El frío me acompañó desde que salí de casa… hasta que regresé, once horas después. Calculé mal el clima, pues la altimetría de mi ruta mostraba un gran descenso hacia Moniquirá, y eso equivale a tierrita caliente; pero el descenso inicia muy tarde, luego de varias horas de carretera de altura y frío, así que aún cuando ya había amanecido, continué usando el chaleco y me sentí agradecido de haberlo traído.

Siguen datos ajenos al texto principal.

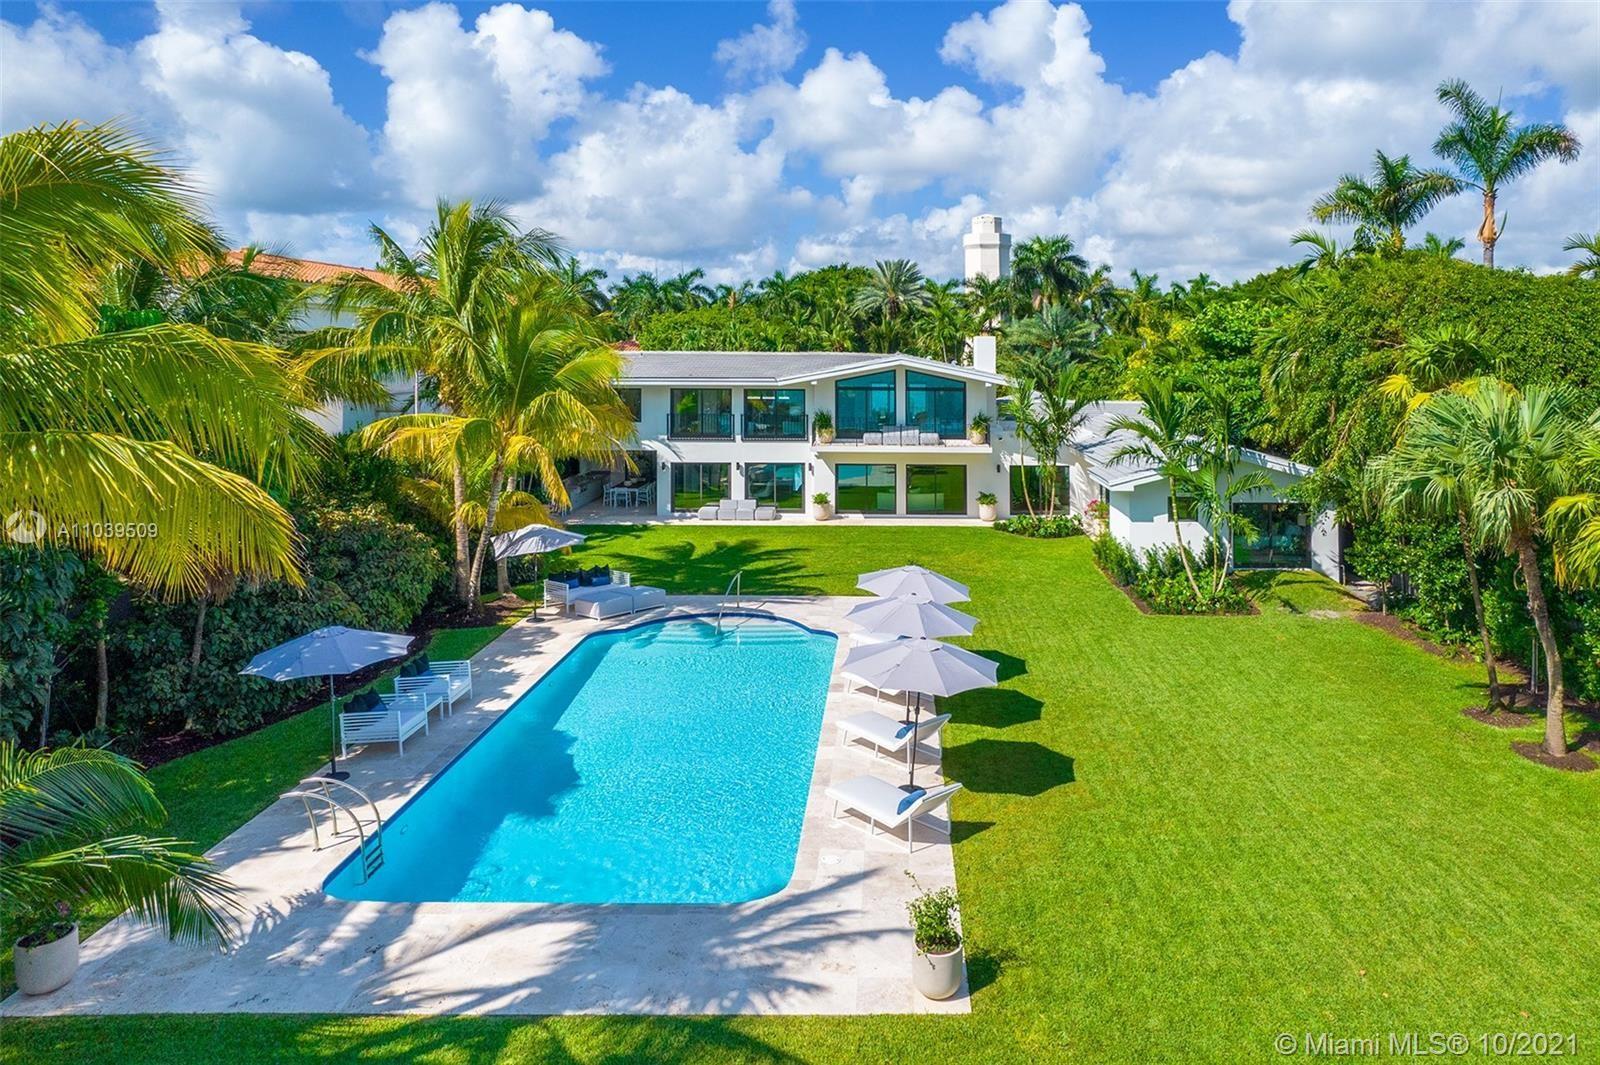 Photo of 34 Star Island Dr, Miami Beach, FL 33139 (MLS # A11039509)

Hasta Zipaquirá el terreno era muy conocido, luego hasta Ubaté más o menos, pero de ahí en adelante todo casi nuevo pues por esa carretera no pasaba desde hacía cuatro años, en mi primer intento de llegar a la costa en carro (no lo logré en carro pues decidió quedarse en Bucaramanga, pero llegué a Barranquilla en flota, solo y con una niña de siete años acostada en mi regazo y el de la mamá ambas desconocidas para mi… definitivamente viajando pasan muchas cosas)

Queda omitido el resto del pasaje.